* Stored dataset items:
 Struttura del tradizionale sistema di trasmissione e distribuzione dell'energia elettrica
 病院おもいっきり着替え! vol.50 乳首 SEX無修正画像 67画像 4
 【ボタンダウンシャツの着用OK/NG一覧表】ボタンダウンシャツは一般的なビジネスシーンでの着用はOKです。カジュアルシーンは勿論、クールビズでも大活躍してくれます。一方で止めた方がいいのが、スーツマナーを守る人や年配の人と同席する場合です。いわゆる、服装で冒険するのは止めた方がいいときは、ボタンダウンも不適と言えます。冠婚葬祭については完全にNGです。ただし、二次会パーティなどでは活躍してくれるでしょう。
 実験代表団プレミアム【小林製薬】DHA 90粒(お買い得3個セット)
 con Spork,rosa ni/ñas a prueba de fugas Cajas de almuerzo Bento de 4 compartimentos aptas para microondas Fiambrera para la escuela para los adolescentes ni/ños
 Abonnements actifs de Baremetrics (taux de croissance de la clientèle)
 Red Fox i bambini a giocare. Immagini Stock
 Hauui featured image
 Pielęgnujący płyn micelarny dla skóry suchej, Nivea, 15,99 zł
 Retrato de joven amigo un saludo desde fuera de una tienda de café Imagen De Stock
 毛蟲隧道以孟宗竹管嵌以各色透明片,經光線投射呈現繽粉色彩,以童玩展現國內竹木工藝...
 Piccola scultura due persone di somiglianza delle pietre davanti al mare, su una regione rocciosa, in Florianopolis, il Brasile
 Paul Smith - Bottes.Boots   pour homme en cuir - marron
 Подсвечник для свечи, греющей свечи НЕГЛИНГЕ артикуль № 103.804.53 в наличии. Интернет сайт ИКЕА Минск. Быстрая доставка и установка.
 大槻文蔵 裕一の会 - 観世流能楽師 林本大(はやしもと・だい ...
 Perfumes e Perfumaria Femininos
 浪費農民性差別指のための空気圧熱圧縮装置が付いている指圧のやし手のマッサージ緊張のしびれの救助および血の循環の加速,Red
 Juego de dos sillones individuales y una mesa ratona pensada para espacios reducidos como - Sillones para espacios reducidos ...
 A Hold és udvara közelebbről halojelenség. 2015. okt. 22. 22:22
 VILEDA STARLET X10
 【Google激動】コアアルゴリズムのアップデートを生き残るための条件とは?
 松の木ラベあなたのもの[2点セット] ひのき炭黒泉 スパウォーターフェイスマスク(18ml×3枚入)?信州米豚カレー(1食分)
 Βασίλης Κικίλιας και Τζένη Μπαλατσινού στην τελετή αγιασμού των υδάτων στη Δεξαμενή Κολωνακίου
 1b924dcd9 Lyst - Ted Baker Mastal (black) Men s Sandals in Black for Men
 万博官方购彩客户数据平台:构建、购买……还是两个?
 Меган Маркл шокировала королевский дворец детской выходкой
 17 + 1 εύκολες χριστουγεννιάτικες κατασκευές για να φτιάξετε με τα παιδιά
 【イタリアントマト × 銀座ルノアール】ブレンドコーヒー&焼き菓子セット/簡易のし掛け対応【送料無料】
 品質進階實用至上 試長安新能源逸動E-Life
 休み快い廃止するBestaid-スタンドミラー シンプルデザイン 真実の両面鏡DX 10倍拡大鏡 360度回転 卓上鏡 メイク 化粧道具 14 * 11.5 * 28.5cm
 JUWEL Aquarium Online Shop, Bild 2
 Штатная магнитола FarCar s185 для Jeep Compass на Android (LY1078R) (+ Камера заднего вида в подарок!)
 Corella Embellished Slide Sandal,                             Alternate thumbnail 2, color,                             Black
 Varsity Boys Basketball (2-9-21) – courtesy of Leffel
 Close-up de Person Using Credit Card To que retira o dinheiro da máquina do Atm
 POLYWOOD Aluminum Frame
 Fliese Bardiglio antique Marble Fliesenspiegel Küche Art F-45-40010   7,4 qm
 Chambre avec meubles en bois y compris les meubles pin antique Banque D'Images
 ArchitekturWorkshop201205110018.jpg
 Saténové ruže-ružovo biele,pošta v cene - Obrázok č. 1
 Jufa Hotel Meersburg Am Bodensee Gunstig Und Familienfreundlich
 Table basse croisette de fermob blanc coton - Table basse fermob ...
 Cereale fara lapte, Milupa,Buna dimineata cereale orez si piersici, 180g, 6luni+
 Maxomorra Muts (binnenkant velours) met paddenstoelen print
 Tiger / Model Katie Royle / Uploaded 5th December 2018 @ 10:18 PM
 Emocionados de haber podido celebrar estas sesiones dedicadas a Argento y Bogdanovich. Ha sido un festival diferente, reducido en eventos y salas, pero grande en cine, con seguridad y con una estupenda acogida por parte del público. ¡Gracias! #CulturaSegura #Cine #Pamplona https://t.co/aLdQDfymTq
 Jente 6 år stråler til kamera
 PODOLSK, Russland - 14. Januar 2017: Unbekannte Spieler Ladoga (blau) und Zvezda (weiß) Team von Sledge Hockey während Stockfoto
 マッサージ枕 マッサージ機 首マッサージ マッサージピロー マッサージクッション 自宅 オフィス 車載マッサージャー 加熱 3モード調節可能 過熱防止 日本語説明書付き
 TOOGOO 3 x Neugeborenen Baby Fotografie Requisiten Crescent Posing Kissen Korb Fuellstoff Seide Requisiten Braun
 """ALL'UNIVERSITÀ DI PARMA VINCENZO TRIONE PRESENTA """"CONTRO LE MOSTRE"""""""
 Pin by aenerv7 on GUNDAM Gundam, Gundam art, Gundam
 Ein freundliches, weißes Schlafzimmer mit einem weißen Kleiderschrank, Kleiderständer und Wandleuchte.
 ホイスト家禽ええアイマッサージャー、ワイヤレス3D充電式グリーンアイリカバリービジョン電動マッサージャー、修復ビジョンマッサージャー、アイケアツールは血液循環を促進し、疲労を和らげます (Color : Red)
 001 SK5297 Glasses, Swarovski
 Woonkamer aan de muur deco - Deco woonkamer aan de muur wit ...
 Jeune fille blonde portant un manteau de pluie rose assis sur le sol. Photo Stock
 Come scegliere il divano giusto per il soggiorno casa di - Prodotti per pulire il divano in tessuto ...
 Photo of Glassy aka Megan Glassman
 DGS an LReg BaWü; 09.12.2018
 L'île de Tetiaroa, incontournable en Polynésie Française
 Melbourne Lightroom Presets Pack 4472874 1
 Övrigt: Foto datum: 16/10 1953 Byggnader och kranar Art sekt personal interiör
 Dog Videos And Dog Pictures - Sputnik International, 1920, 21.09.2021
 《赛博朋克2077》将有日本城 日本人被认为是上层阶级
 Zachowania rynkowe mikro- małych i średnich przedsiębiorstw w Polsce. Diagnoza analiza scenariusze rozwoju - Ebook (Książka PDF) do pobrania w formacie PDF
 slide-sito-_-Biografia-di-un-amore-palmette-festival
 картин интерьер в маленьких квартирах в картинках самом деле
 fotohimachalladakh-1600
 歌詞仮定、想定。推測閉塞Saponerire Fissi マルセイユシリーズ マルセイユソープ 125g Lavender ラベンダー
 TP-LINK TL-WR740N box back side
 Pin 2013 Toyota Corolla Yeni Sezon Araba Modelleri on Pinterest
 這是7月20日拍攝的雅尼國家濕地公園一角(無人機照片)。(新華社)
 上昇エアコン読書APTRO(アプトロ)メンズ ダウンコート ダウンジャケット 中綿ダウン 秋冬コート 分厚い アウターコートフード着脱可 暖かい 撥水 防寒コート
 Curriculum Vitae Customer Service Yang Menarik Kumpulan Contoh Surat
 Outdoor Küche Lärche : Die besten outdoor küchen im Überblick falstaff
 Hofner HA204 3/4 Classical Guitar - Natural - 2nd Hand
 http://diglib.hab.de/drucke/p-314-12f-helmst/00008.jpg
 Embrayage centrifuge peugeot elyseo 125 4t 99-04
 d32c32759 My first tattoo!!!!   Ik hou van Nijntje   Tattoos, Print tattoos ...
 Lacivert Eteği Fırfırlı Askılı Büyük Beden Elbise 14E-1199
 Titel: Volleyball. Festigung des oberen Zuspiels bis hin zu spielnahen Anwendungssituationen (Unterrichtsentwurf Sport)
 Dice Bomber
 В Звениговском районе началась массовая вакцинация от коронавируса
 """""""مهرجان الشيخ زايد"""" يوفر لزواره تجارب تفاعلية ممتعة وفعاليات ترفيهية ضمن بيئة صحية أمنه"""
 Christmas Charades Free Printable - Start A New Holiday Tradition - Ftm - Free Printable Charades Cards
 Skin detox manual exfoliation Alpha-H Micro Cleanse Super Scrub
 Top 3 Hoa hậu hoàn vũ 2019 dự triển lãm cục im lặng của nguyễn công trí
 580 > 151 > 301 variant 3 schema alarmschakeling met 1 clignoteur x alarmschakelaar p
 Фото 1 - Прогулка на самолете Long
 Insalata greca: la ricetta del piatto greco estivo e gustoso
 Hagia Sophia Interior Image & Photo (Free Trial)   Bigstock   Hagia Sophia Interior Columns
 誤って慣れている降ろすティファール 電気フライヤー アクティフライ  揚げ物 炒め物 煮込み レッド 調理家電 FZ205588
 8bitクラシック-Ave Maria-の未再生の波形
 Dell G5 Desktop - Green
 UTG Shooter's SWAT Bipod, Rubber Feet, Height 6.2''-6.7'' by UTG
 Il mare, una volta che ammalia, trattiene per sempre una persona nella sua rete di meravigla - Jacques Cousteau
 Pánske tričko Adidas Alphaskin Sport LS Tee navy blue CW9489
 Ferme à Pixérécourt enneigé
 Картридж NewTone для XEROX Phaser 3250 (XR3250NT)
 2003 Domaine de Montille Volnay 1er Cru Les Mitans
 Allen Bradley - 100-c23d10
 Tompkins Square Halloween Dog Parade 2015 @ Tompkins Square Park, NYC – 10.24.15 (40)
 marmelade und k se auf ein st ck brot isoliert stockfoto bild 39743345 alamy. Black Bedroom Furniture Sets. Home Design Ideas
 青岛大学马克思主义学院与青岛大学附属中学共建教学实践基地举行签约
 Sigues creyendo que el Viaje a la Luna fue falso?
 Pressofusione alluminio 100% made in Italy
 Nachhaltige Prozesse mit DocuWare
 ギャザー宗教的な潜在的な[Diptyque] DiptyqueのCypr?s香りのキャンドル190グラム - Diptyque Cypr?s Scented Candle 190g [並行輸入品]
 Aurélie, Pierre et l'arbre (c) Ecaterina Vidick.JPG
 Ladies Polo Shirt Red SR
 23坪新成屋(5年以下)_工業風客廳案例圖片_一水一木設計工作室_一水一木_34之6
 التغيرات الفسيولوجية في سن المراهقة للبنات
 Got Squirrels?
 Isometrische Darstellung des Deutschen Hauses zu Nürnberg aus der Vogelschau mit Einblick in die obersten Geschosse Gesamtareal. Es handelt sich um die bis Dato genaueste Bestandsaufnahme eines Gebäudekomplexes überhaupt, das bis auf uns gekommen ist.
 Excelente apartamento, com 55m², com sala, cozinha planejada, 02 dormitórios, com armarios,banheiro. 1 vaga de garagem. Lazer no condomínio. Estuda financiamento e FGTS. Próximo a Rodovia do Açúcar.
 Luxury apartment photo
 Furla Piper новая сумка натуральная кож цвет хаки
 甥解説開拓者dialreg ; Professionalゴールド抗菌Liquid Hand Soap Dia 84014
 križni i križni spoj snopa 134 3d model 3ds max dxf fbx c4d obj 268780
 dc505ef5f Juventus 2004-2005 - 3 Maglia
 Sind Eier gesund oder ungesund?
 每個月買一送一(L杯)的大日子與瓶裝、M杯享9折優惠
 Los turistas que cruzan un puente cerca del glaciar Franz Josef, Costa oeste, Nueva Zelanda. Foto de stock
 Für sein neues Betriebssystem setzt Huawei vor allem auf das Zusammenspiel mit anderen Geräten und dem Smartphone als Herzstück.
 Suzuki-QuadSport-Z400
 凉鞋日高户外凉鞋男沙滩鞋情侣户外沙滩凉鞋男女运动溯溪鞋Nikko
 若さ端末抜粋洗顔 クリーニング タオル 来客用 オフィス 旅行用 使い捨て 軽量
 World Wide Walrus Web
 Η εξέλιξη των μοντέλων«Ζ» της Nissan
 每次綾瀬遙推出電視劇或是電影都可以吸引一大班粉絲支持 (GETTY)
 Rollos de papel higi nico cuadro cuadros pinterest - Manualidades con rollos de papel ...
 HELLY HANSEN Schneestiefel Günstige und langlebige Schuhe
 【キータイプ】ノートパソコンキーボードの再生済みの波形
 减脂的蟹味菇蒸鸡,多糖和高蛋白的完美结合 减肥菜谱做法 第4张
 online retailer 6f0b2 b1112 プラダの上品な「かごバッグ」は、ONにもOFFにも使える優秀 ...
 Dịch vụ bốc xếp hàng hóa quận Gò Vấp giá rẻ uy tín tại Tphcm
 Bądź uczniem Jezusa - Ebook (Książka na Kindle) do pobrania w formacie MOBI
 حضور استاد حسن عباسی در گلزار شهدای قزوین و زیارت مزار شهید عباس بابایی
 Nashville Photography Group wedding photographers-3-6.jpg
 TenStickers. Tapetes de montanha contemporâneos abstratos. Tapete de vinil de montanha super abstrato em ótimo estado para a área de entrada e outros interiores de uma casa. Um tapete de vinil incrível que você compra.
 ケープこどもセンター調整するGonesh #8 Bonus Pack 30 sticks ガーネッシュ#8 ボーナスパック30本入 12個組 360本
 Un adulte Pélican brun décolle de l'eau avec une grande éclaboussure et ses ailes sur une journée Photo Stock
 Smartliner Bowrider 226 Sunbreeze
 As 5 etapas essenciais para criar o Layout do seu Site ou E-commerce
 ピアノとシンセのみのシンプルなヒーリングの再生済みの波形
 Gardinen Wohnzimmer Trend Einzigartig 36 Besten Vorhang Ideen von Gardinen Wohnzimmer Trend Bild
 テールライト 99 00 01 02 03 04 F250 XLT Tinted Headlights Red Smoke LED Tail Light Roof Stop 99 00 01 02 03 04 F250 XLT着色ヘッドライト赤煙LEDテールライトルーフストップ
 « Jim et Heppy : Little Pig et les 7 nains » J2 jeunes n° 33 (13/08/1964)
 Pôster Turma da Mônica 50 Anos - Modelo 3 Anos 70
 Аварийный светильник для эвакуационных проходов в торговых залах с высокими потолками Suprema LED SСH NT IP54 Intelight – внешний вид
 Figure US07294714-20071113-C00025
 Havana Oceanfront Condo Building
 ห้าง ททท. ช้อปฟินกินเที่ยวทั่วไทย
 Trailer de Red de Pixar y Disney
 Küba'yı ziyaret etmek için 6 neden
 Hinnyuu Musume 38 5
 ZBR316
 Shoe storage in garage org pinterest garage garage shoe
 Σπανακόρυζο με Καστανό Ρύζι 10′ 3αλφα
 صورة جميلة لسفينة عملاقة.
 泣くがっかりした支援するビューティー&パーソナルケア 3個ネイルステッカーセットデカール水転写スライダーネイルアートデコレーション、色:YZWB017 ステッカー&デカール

* Exercise instructions: Set down verbatim only the lines between the start of the data above and the line with "Штатная магнитола FarCar", both boundaries included.

* Result:
 Struttura del tradizionale sistema di trasmissione e distribuzione dell'energia elettrica
 病院おもいっきり着替え! vol.50 乳首 SEX無修正画像 67画像 4
 【ボタンダウンシャツの着用OK/NG一覧表】ボタンダウンシャツは一般的なビジネスシーンでの着用はOKです。カジュアルシーンは勿論、クールビズでも大活躍してくれます。一方で止めた方がいいのが、スーツマナーを守る人や年配の人と同席する場合です。いわゆる、服装で冒険するのは止めた方がいいときは、ボタンダウンも不適と言えます。冠婚葬祭については完全にNGです。ただし、二次会パーティなどでは活躍してくれるでしょう。
 実験代表団プレミアム【小林製薬】DHA 90粒(お買い得3個セット)
 con Spork,rosa ni/ñas a prueba de fugas Cajas de almuerzo Bento de 4 compartimentos aptas para microondas Fiambrera para la escuela para los adolescentes ni/ños
 Abonnements actifs de Baremetrics (taux de croissance de la clientèle)
 Red Fox i bambini a giocare. Immagini Stock
 Hauui featured image
 Pielęgnujący płyn micelarny dla skóry suchej, Nivea, 15,99 zł
 Retrato de joven amigo un saludo desde fuera de una tienda de café Imagen De Stock
 毛蟲隧道以孟宗竹管嵌以各色透明片,經光線投射呈現繽粉色彩,以童玩展現國內竹木工藝...
 Piccola scultura due persone di somiglianza delle pietre davanti al mare, su una regione rocciosa, in Florianopolis, il Brasile
 Paul Smith - Bottes.Boots   pour homme en cuir - marron
 Подсвечник для свечи, греющей свечи НЕГЛИНГЕ артикуль № 103.804.53 в наличии. Интернет сайт ИКЕА Минск. Быстрая доставка и установка.
 大槻文蔵 裕一の会 - 観世流能楽師 林本大(はやしもと・だい ...
 Perfumes e Perfumaria Femininos
 浪費農民性差別指のための空気圧熱圧縮装置が付いている指圧のやし手のマッサージ緊張のしびれの救助および血の循環の加速,Red
 Juego de dos sillones individuales y una mesa ratona pensada para espacios reducidos como - Sillones para espacios reducidos ...
 A Hold és udvara közelebbről halojelenség. 2015. okt. 22. 22:22
 VILEDA STARLET X10
 【Google激動】コアアルゴリズムのアップデートを生き残るための条件とは?
 松の木ラベあなたのもの[2点セット] ひのき炭黒泉 スパウォーターフェイスマスク(18ml×3枚入)?信州米豚カレー(1食分)
 Βασίλης Κικίλιας και Τζένη Μπαλατσινού στην τελετή αγιασμού των υδάτων στη Δεξαμενή Κολωνακίου
 1b924dcd9 Lyst - Ted Baker Mastal (black) Men s Sandals in Black for Men
 万博官方购彩客户数据平台:构建、购买……还是两个?
 Меган Маркл шокировала королевский дворец детской выходкой
 17 + 1 εύκολες χριστουγεννιάτικες κατασκευές για να φτιάξετε με τα παιδιά
 【イタリアントマト × 銀座ルノアール】ブレンドコーヒー&焼き菓子セット/簡易のし掛け対応【送料無料】
 品質進階實用至上 試長安新能源逸動E-Life
 休み快い廃止するBestaid-スタンドミラー シンプルデザイン 真実の両面鏡DX 10倍拡大鏡 360度回転 卓上鏡 メイク 化粧道具 14 * 11.5 * 28.5cm
 JUWEL Aquarium Online Shop, Bild 2
 Штатная магнитола FarCar s185 для Jeep Compass на Android (LY1078R) (+ Камера заднего вида в подарок!)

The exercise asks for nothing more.